The first BRT system in the world was the OC Transpo system in Ottawa, Canada. Introduced in 1973, the first element of its BRT system was dedicated bus lanes through the city centre. The introduction of the first exclusive separate busways (termed 'Transitway') occurred in 1983. By 1996, all of the originally envisioned 31 km Transitway system was in operation; further expansions were opened in 2009, 2011, and 2014. As of 2017, the central part of the Transitway is being converted to a Light Rail Transit, due to the downtown section being operated beyond its designed capacity.
The second BRT system in the world was implemented in Curitiba, Brazil, in 1974. Most of the elements that have become associated with BRT were innovations first suggested by Curitiba Mayor architect Jaime Lerner. In 1980 the Curitiba system added a feeder bus network and inter-zone connections, and in 1992 introduced off-board fare collection, enclosed stations, and platform-level boarding.
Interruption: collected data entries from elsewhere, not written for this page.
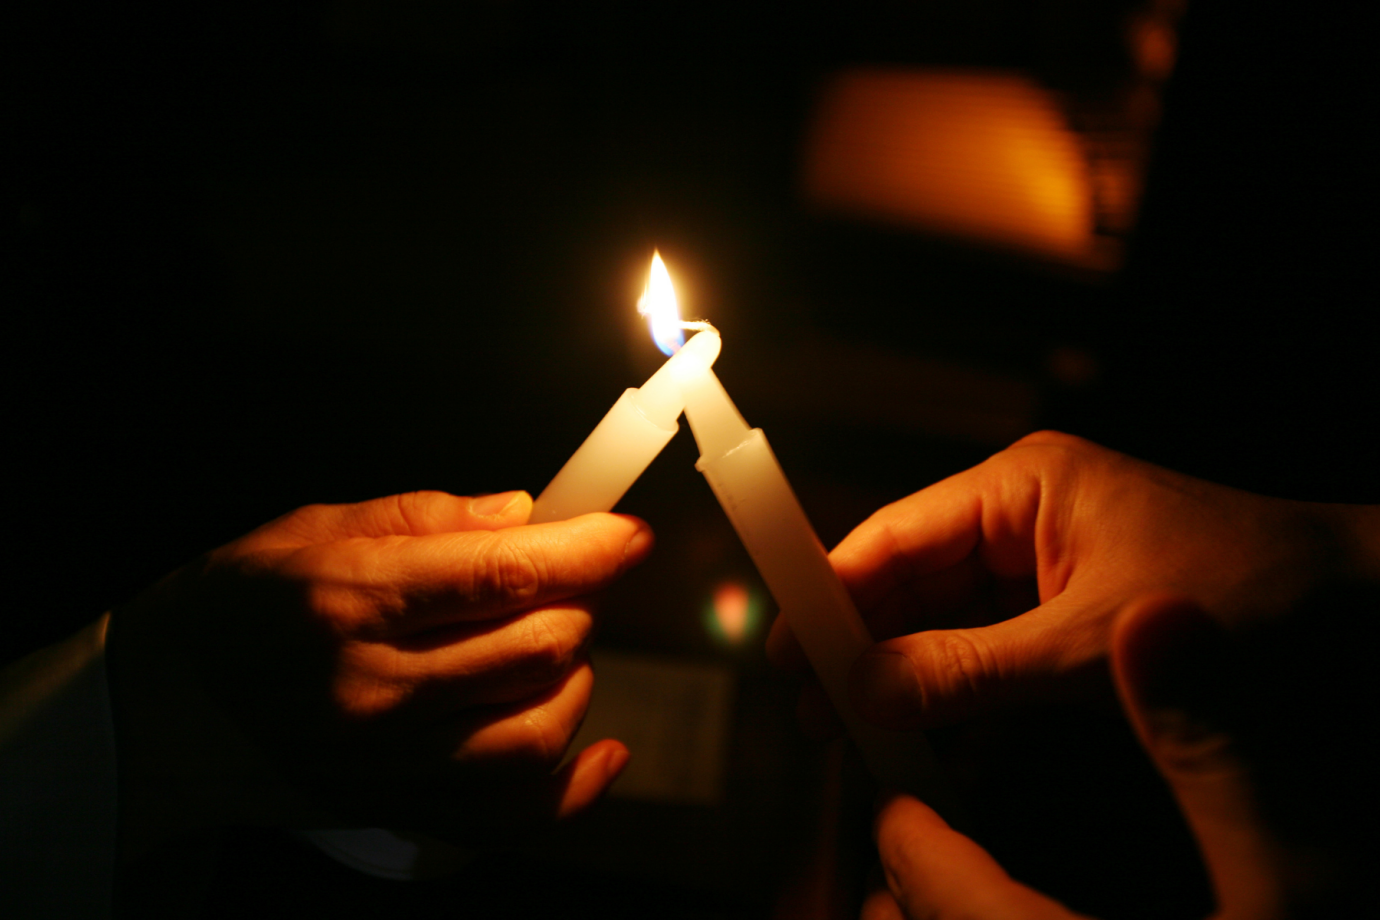 Traditional Candlelight Worship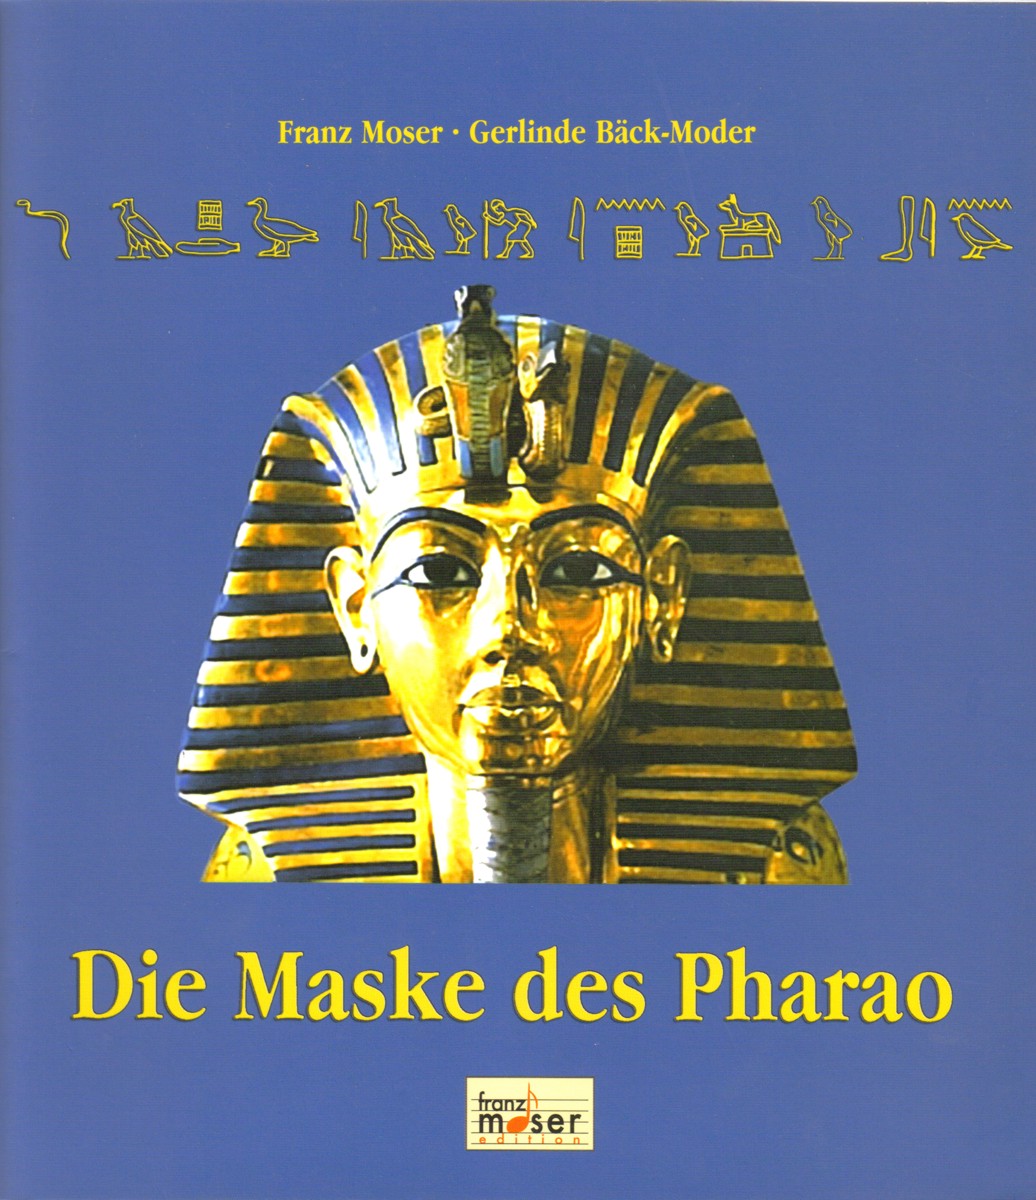 Maske des Pharao, Die - click here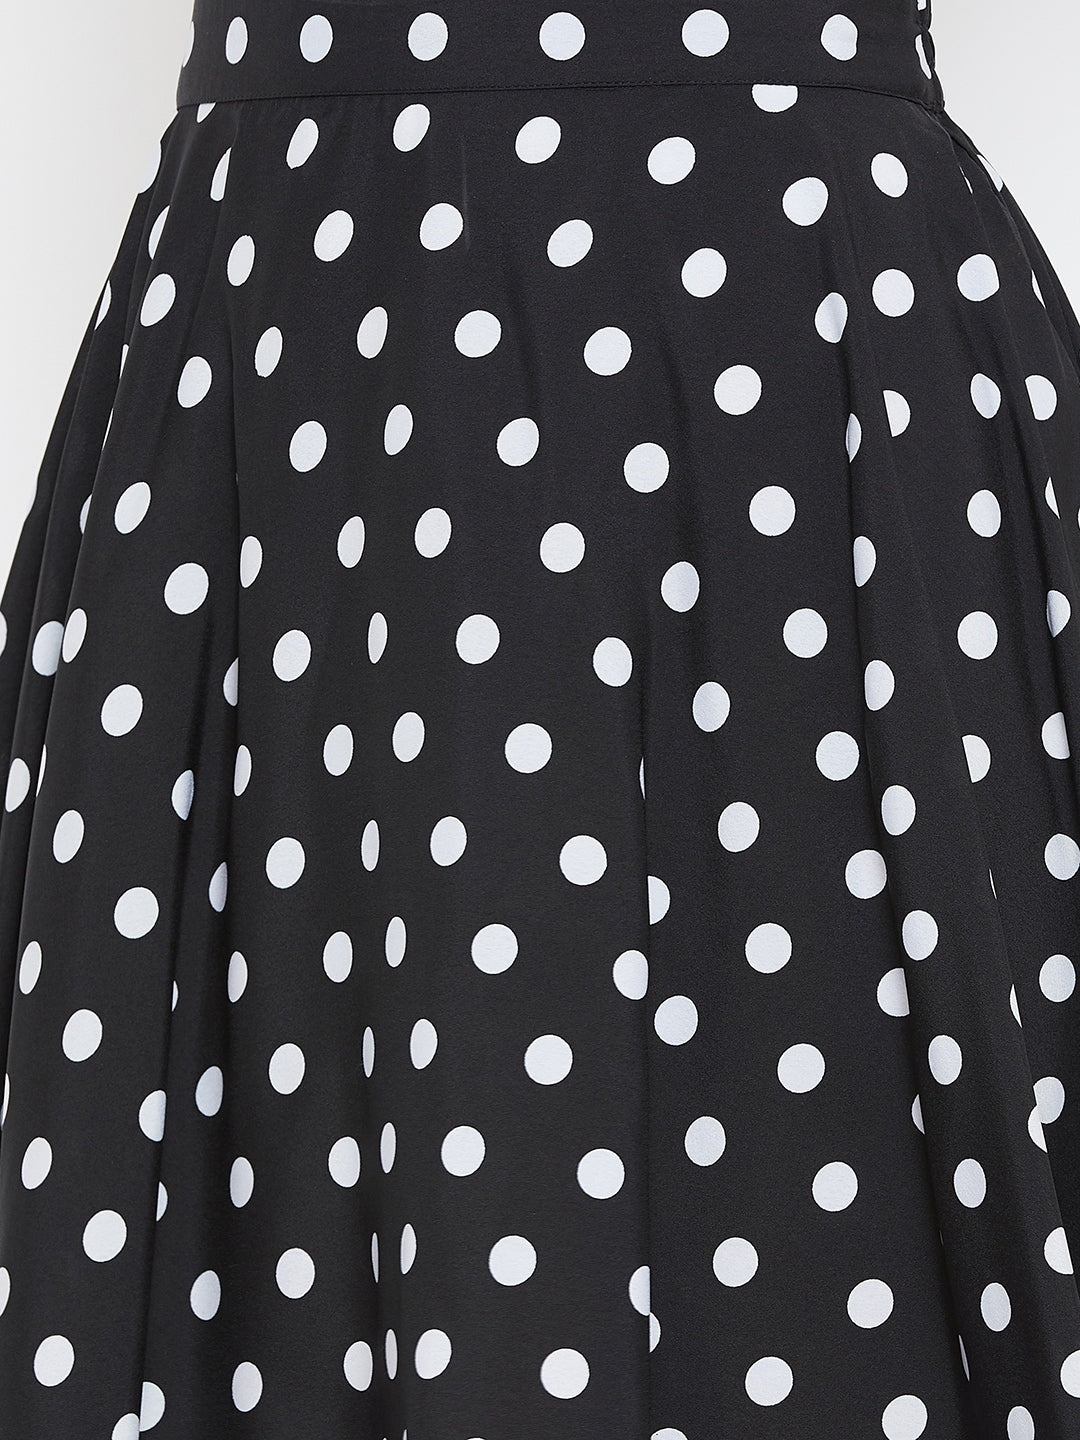 Folk Republic Women Black & White Polka Dot Printed Elastic Waist Flared Mini Skirt - #folk republic#

The TransMilenio in Bogotá, Colombia, opened in 2000, was the first BRT system to combine the best elements of other BRTs and achieved the highest capacity and highest speed BRT system in the world. The success of TransMilenio spurred other cities to develop high quality BRT systems. In January 2004 the first BRT in Asia, TransJakarta, opened in Jakarta, Indonesia. As of 2015, at 210 kilometres (130 mi), it is the longest BRT system in the world.
Main features of BRT:
BRT systems normally include most of the following features -
Dedicated lanes and alignment: Bus-only lanes make for faster travel and ensure that buses are not delayed by mixed traffic congestion.
Off-board fare collection: Fare prepayment at the station, instead of on board the bus, eliminates the delay caused by passengers paying on board.
Intersection treatment: Prohibiting turns for traffic across the bus lane significantly reduces delays to the buses. Bus priority will often be provided at signalized intersections to reduce delays by extending the green phase or reducing the red phase in the required direction compared to the normal sequence. Prohibiting turns may be the most important measure for moving buses through intersections.
Platform-level boarding: Station platforms should be level with the bus floor for quick and easy boarding, making it fully accessible for wheelchairs, disabled passengers and baby strollers, with minimal delays.
High capacity vehicles: High-capacity vehicles such as articulated or even bi-articulated buses may be used, typically with multiple doors for fast entry and exit. Double-decker buses or guided buses may also be used. Advanced powertrain control may be used for a smoother ride.
Quality stations: BRT systems typically feature significant investment in enclosed stations which may incorporate attractive sliding glass doors, staffed ticket booths, information booths, and other more standard features listed above. They will often include level boarding, using either low-floor buses or higher boarding platforms level, and multiple doors to speed passenger boardings and enhance accessibility to disabled passengers.
Prominent brand or identity: A unique and distinctive identity can contribute to BRT's attractiveness as an alternative to driving cars, marking stops and stations as well as the buses.
Large cities usually have big bus networks. A map showing all bus lines might be incomprehensible, and cause people to wait for low-frequency buses that may not even be running at the time they are needed. By identifying the main bus lines having high-frequency service, with a special brand and separate maps, it is easier to understand the entire network.